KP issue: Will there be a change of mind?

There might be a possibility that sometime in the near future Kevin Pietersen will be forgiven ("reintegrated into cricket" was the way Andrew Strauss, the England team’s managing director phrased it) and ready to provide us all with the entertainment we have missed since he was consigned to the outer darkness.

Kevin Pietersen... a recall in the offing?   -  Getty Images

I doubt if there is any ordinary fan, any sports writer, or any casual onlooker at the Test game who does not want Kevin Pietersen back in action.

Well, I have good news for all of you. There is a move afoot to bring the most famous outlaw in cricket back within cricket’s embrace.

Who says so? Why Andrew Strauss, once a considerable England captain and now the team’s managing director and clearly more than a safe pair of hands. He is the man who told KP “we no longer trust you.”

With that brutal verdict Pietersen was sent into the outer wilderness and, apart from a couple of lucrative T20 matches has hardly been seen since.

I felt a wind of change must be blowing a few weeks ago when KP said he felt his sentence of perpetual dismissal from the game has been justified. He gave England’s Ashes victory as an example of what had been achieved without his runs, his towering presence and his big shots.

What has caused the change of mind I cannot tell you but I have no doubt it will happen and my hope is that it will come about by next season. (It maybe in time for the England tour of South Africa but don’t rely on that. It’s too soon and ECB and their allies don’t like to be rushed. No, next summer will be early enough, maybe after defeat in the heat in the desert sands and at the hands of those ruthless South Africans means there will be calls for change and a welcome for a man as uninhibitedly talented as KP.)

Strauss, who appears to be an official with a brain, chose to drop his hint at an obscure lunch — which honoured the quiet achievers of the amateur, local game — when, rather than make a speech, he submitted to a question and answer session.

A friend of mine witnessed the Q&A — conducted by the broadcaster Jon Agnew — and as someone who is savvy about the ways of such events could not help wondering what was going on.

Let’s just leave it at that. The secret is out and exactly why it was delivered in this obscure way — apart from Agnew there was not much in the way of media to interpret Strauss’s hint — and now, several days later, that seems to have gone straight through to the ’keeper.

So it is still pretty much a secret. Only Strauss, Agnew, you all and I have a clue that sometime in the near future KP will be forgiven (“reintegrated into cricket” was the way Strauss phrased it) and ready to provide us all with the entertainment we have missed since he was consigned to the outer darkness.

It is the best news we have had this winter and I bet it must be the most important news we get before the game comes back to life in the spring.

If — and maybe I ought to say when — our Kevin comes back to Test cricket he may even find it difficult to force his way back into the England side.

The performance in Abu Dhabi was so breathtaking that it comes close to defying description.
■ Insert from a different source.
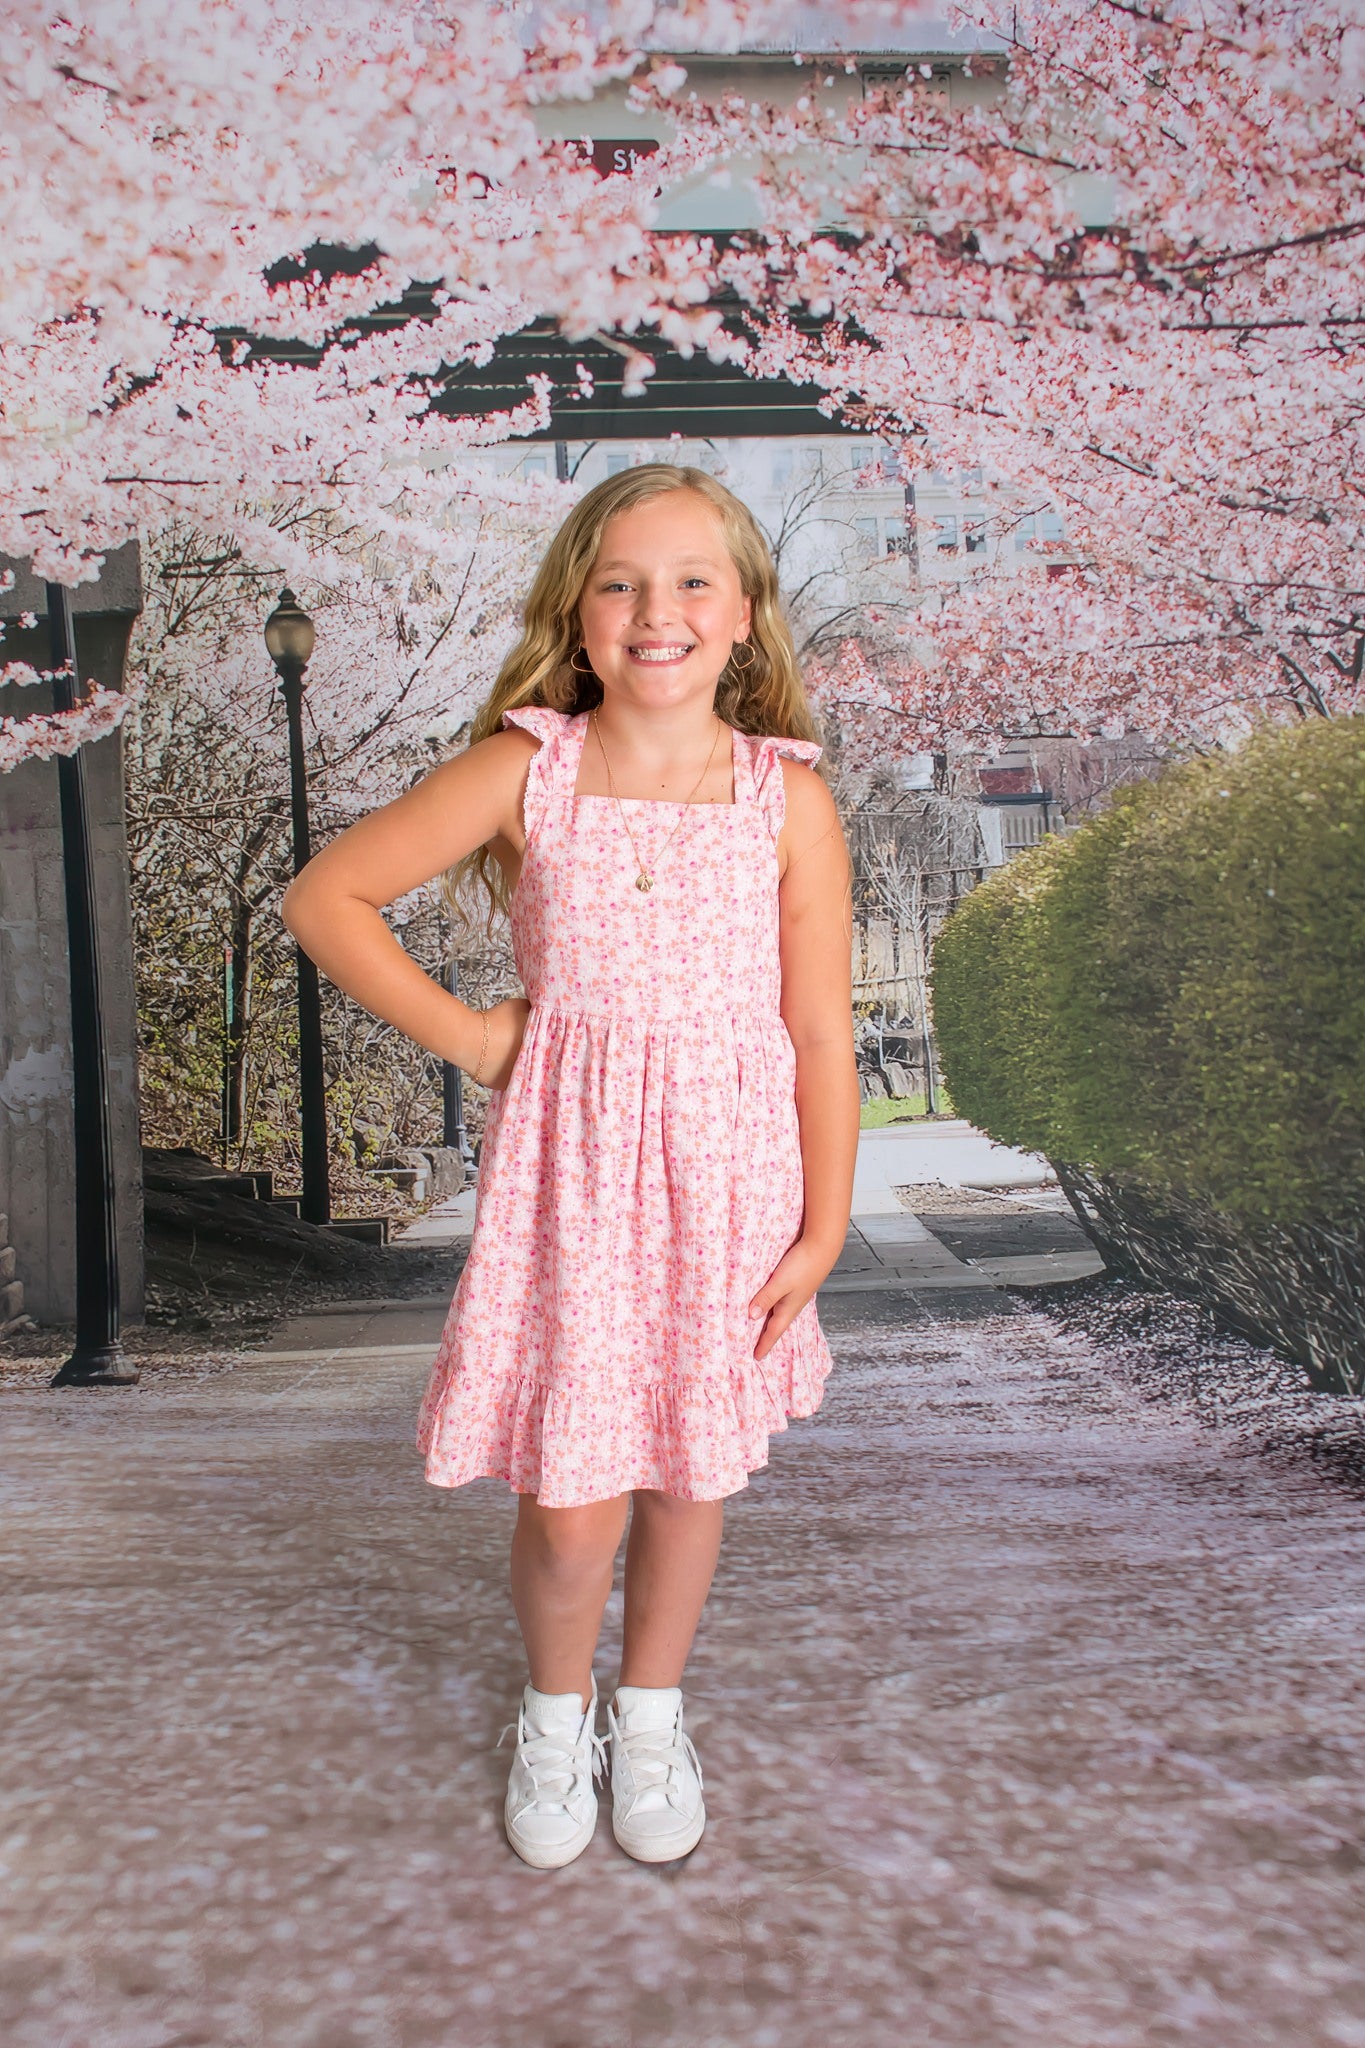 Kate Cherry Blossom Archway Backdrop for Photography Designed by Erin Larkins

I have rarely seen a pitch which lacked life to the same degree as that monster and I would not have blamed any side which threw their hands in the air and declined to make a fight of the last three days.
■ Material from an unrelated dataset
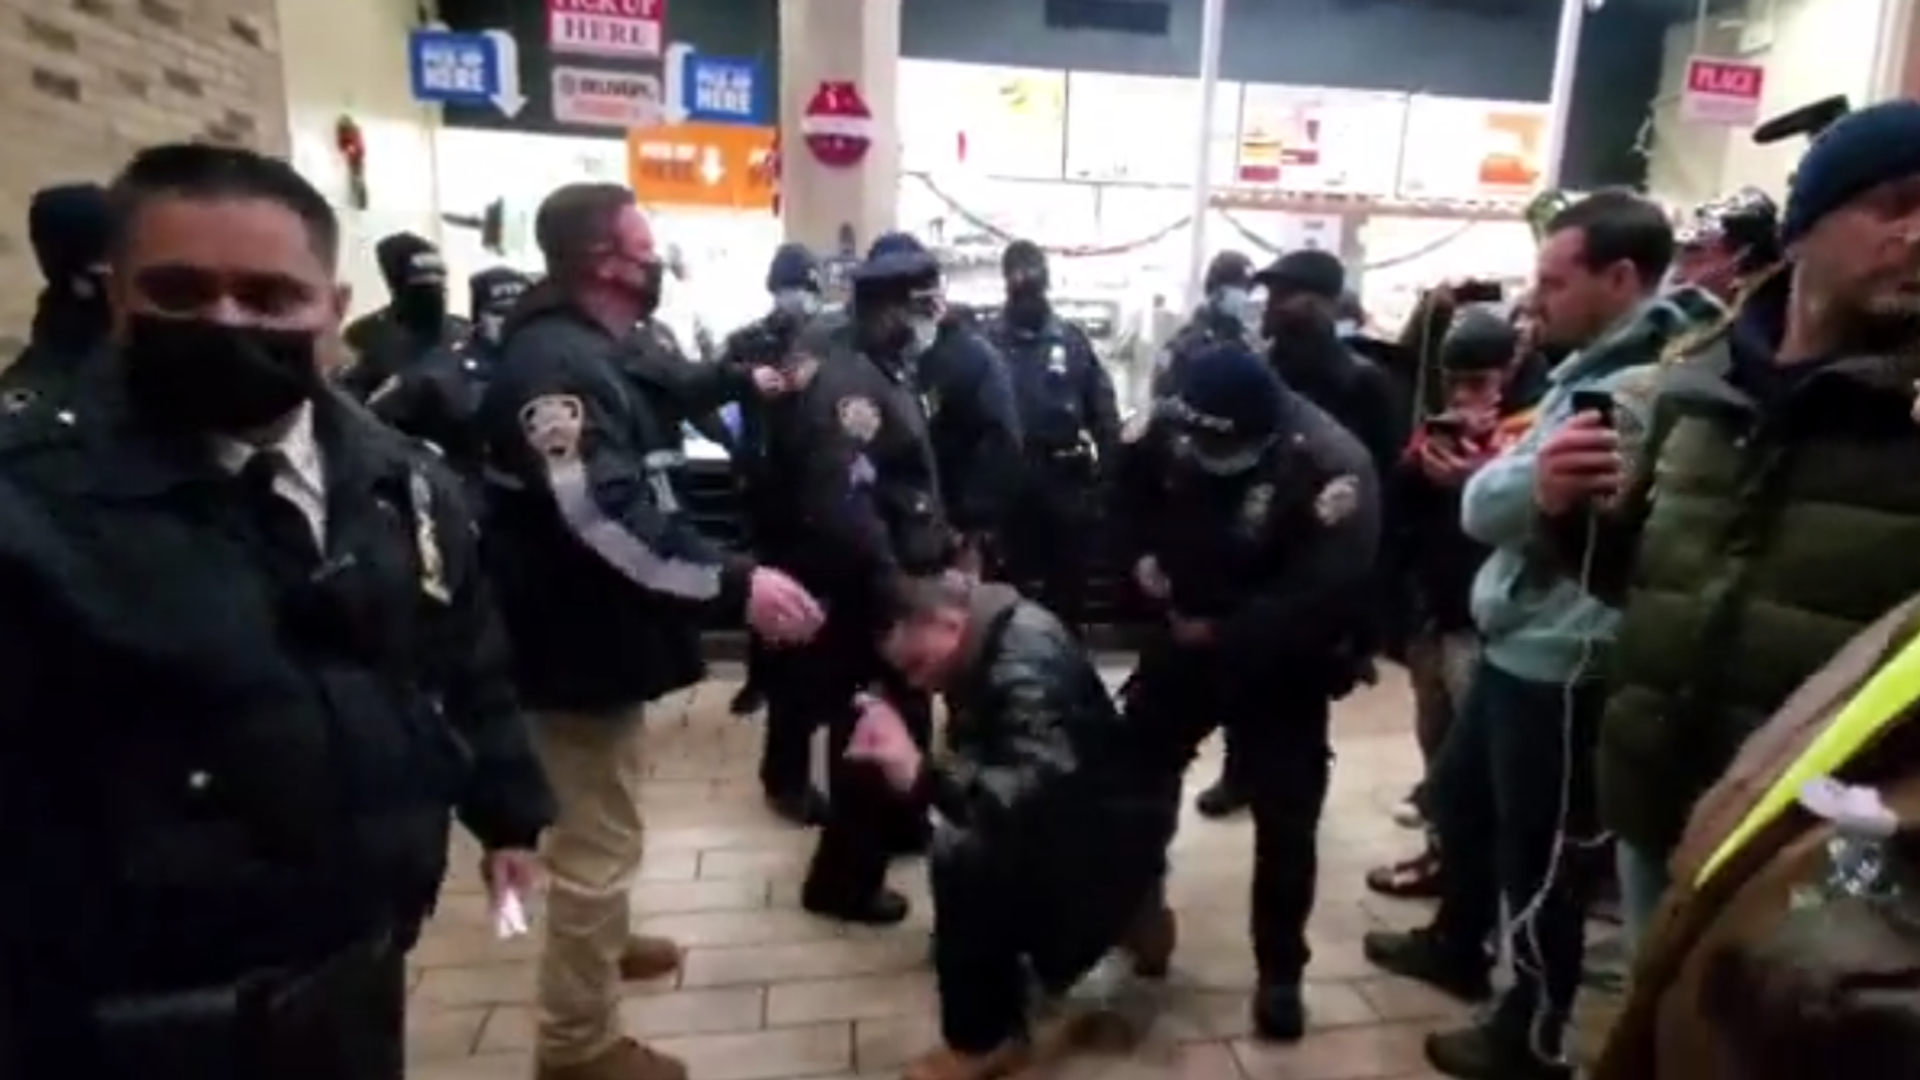 Screenshot from a video allegedly showing NYPD officers arresting anti-vaccination protesters in Burger King in Brooklyn - Sputnik International, 1920, 28.12.2021

Instead England, led by the magnificent Alastair Cook, battled on. He set a whole bunch of records by batting for three days — third longest innings in a Test by anyone, and a record for an English cricketer and of course he already has 28 centuries — and as I mentioned recently he is an improving captain.
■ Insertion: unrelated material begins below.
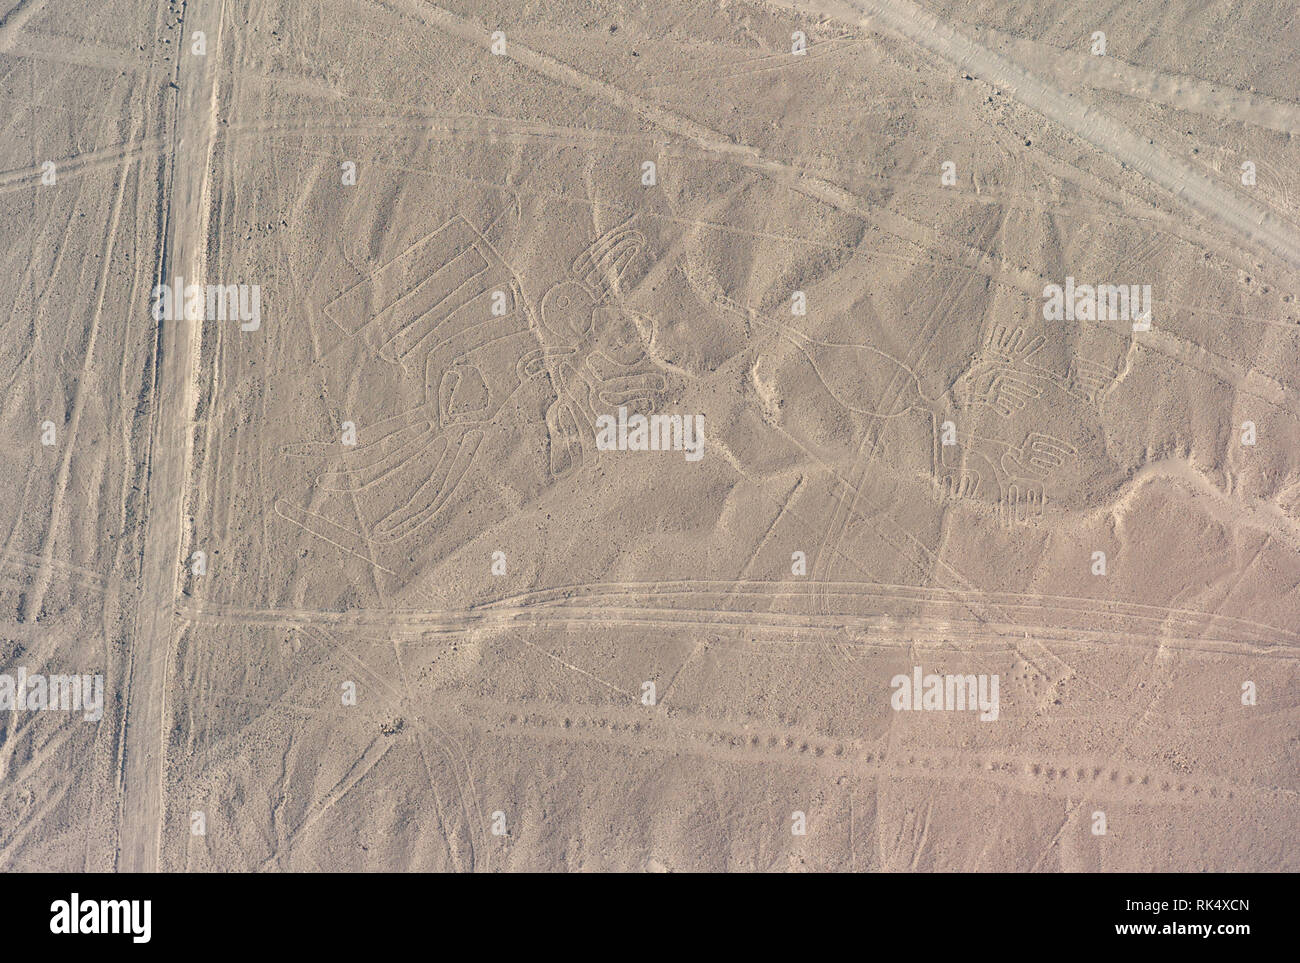 Aerial photo of the Mysterious the Pelican, also called the Alcatraz, Geoglyph and a Phytomorphic Glyph, Nazca Lines Unesco World Heritage Site, Peru Stock Photo

I am sorry I ever suggested that he might not be greater than Brearley and Illingworth, Close and Vaughan. Cook had enough common sense to stay in the pavilion when quick runs were needed in the second innings and he kept the Pakistan batsmen under control when they threatened to score nearer 1,000 runs than 500.

He is also a special guy in that he retires to the flat lands of Bedfordshire when he gets time away from cricket and works very happily on the farm belonging to his in-laws. Bedfordshire is far from exciting. I lived there for 10 years and although the people are generous and helpful and the landscape is bonny, it is a county only suitable for hiding when life gets tough. It is, I guess, why Cook thinks it the right place to escape from the toils and troubles of big cricket.

I have a picture at the top of my stairs — I now live in Cambridgeshire which is just as flat and twice as tedious — of W. G. Grace who spent most of his life in cricket but also loved to get out of the limelight from time to time. He chose Bedfordshire occasionally.

The county must really have something although I never found exactly what. Perhaps it might suit KP in those times when the rush of publicity, the pressures of the job and the crowds of autograph hunters get too much to deal with and it is, I am assured, the ideal place to bring up a family.

It could also be the place where Cook retains his wish to fight for England for another 10 years. Yes, please. That would be a blessing.